# Molecular generation conditioned on per-SMILES median profiles from different clusters 

In [1]:
import os
import numpy as np
import pandas as pd
import pickle

import tensorflow as tf
tf.compat.v1.logging.set_verbosity (tf.compat.v1.logging.ERROR)

import logging
logging.basicConfig(level=logging.INFO, format ='%(levelname)s - %(message)s')
tf.logging.set_verbosity(tf.logging.ERROR)

from sklearn.preprocessing import QuantileTransformer
from rdkit import Chem
from rdkit.Chem.Descriptors import qed
import sys
sys.path.append(os.path.join(Chem.RDConfig.RDContribDir, 'SA_Score'))
import sascorer

import cpmolgan.utils as utils
import cpmolgan.inference as infr
import pkg_resources
WEIGHTS_PATH = pkg_resources.resource_filename('cpmolgan','model_weights')


### Arguments

In [2]:
args = {
    "N_valid_per_cluster":15000,
    'use_gpu': True,
    'gpu_device':'1',
    'filename_train_profiles':"results/train_set_cluster_profiles_median_per_smiles.csv",
    "output_dir":"results/generated_mols/",
    "clusters":['Cluster'+str(c) for c in range(20)][0:1]
}

if not os.path.isdir(args["output_dir"]):
    os.makedirs(args["output_dir"])


## 1. Set compute environment 

In [3]:
if args['use_gpu']:
    os.environ['CUDA_VISIBLE_DEVICES'] = args['gpu_device']
    gpu_options = tf.GPUOptions(visible_device_list='0')
    tf.Session(config=tf.ConfigProto(gpu_options=gpu_options))
    tf.config.set_soft_device_placement(True)
    tf.debugging.set_log_device_placement(True)
else:
    os.environ['CUDA_VISIBLE_DEVICES'] = '-1'

## 2. Load inference model

In [4]:
model_weigth_paths = {
    'autoencoder': os.path.join(WEIGHTS_PATH,'autoencoder.h5'),
    'wgan':{
            'C': os.path.join(WEIGHTS_PATH,'gan_C.h5'),
            'D': os.path.join(WEIGHTS_PATH,'gan_D.h5'),
            'G': os.path.join(WEIGHTS_PATH,'gan_G.h5'),
            'condition_encoder':os.path.join(WEIGHTS_PATH,'gan_condition_encoder.h5'),
            'classifier':os.path.join(WEIGHTS_PATH,'gan_classifier.h5')
            }
}

model = infr.InferenceModel( model_weigth_paths ) 

Device mapping:
/job:localhost/replica:0/task:0/device:XLA_CPU:0 -> device: XLA_CPU device
/job:localhost/replica:0/task:0/device:XLA_GPU:0 -> device: XLA_GPU device
/job:localhost/replica:0/task:0/device:GPU:0 -> device: 0, name: Tesla V100-SXM3-32GB, pci bus id: 0000:36:00.0, compute capability: 7.0



## 3. Read profiles and apply quantile transformer

In [5]:
# Read data and select specified clusters
data_train = pd.read_csv(args['filename_train_profiles'], index_col=0 )
keep_idx = data_train.cluster.isin(args["clusters"])
data_train = data_train[keep_idx].reset_index(drop=True)
logging.info('Number of clusters: %i'%len(data_train.cluster.unique()))
logging.info('clusters: %a'%data_train.cluster.unique())

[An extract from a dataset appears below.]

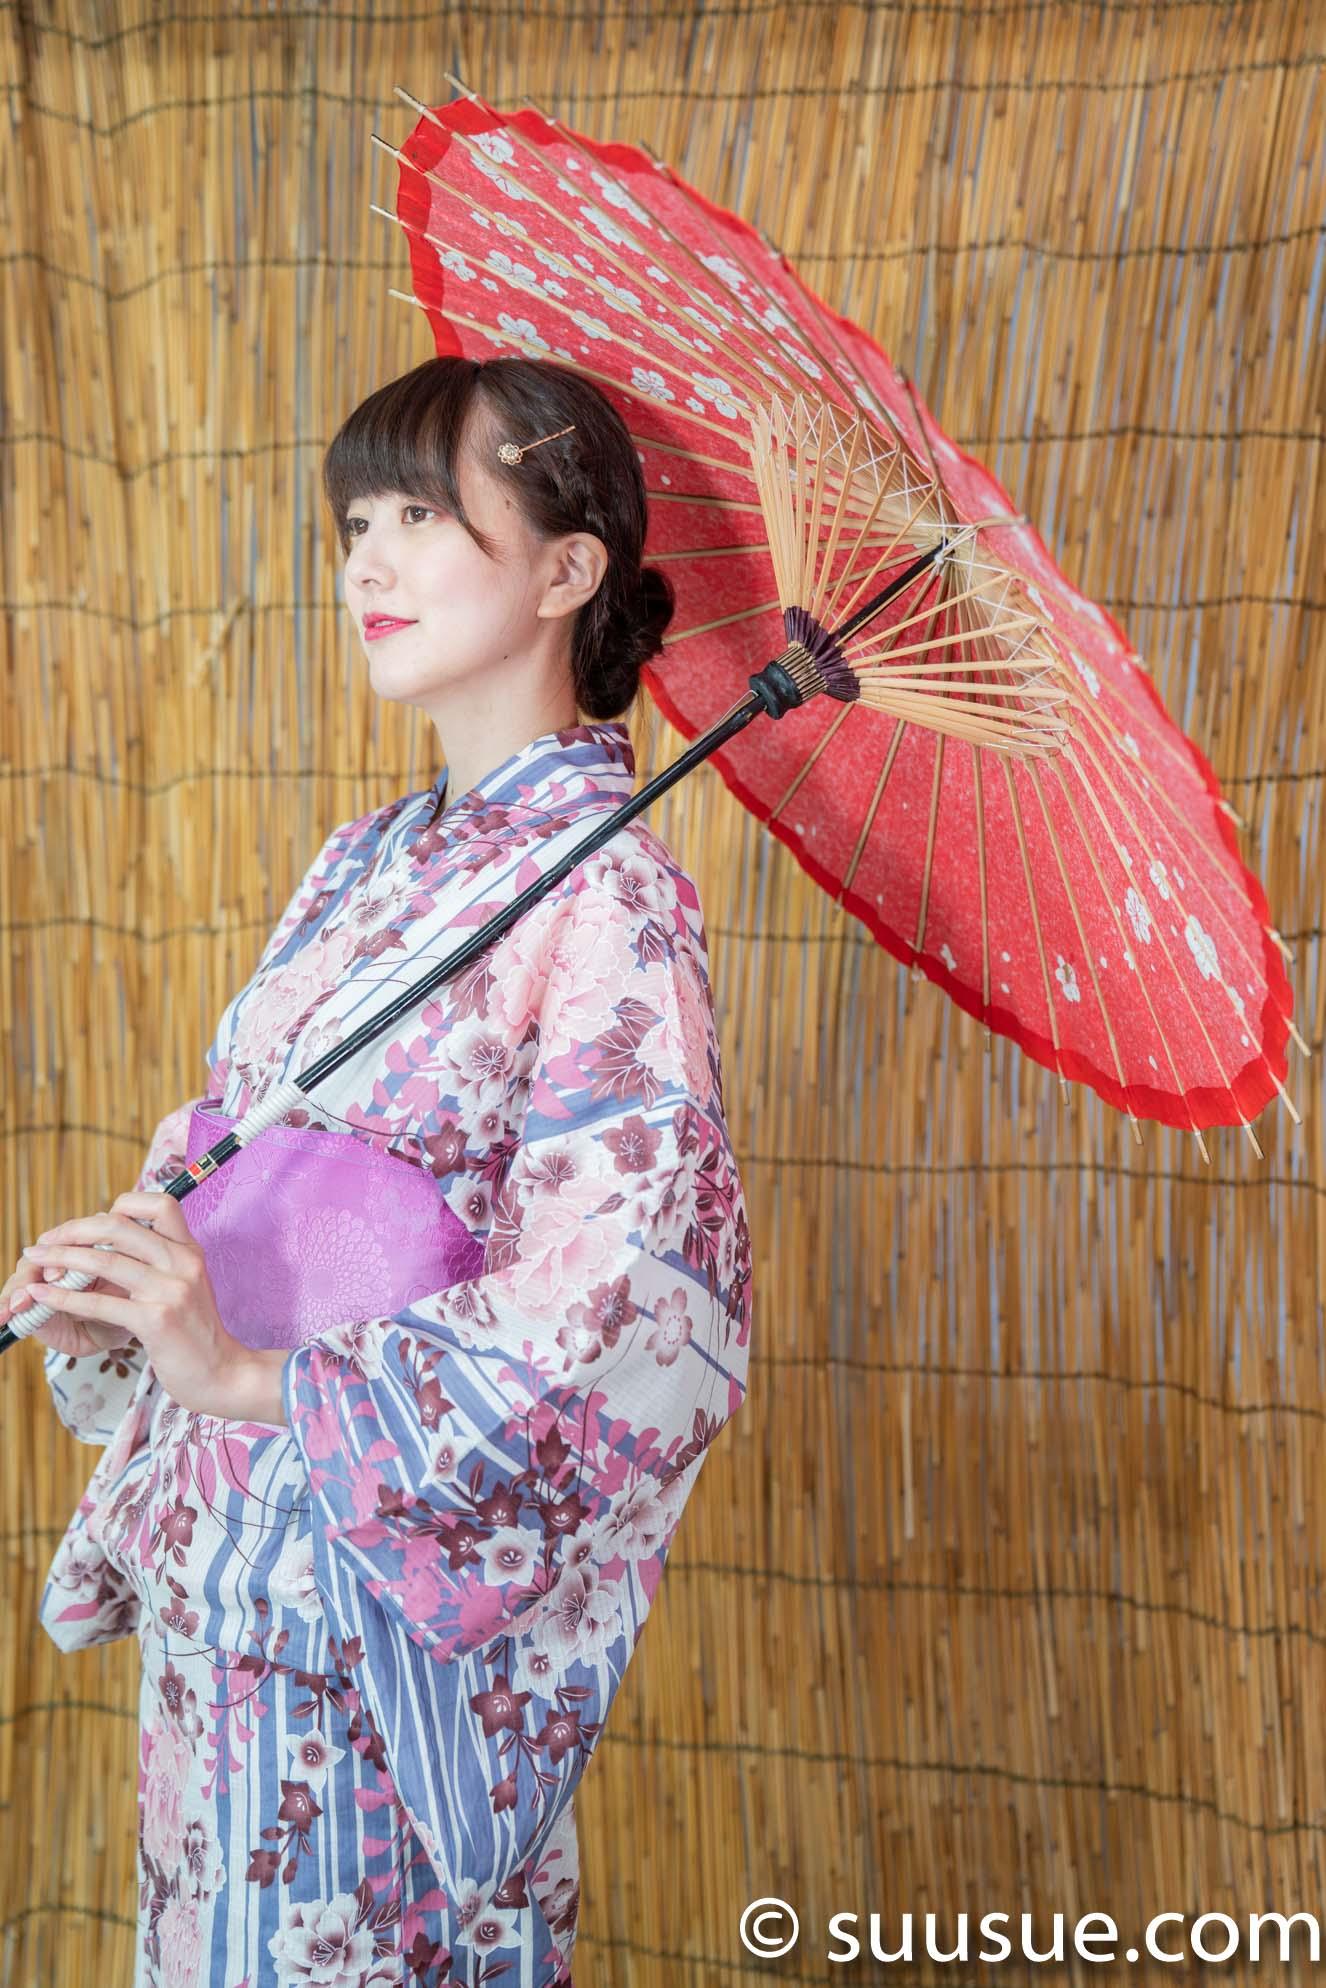 瀬谷ひかる 浴衣 2019/07/06 NewType撮影会

# Apply quantile transformer
quantile_transformer =  pickle.load( open( os.path.join(WEIGHTS_PATH,'quantile_transformer.pkl'), 'rb' ) )
feature_cols , info_cols = utils.get_feature_cols(data_train)
data_train[feature_cols] = quantile_transformer.transform(data_train[feature_cols].values)   
logging.info('Number of Morphological profiles: %i'%data_train.shape[0])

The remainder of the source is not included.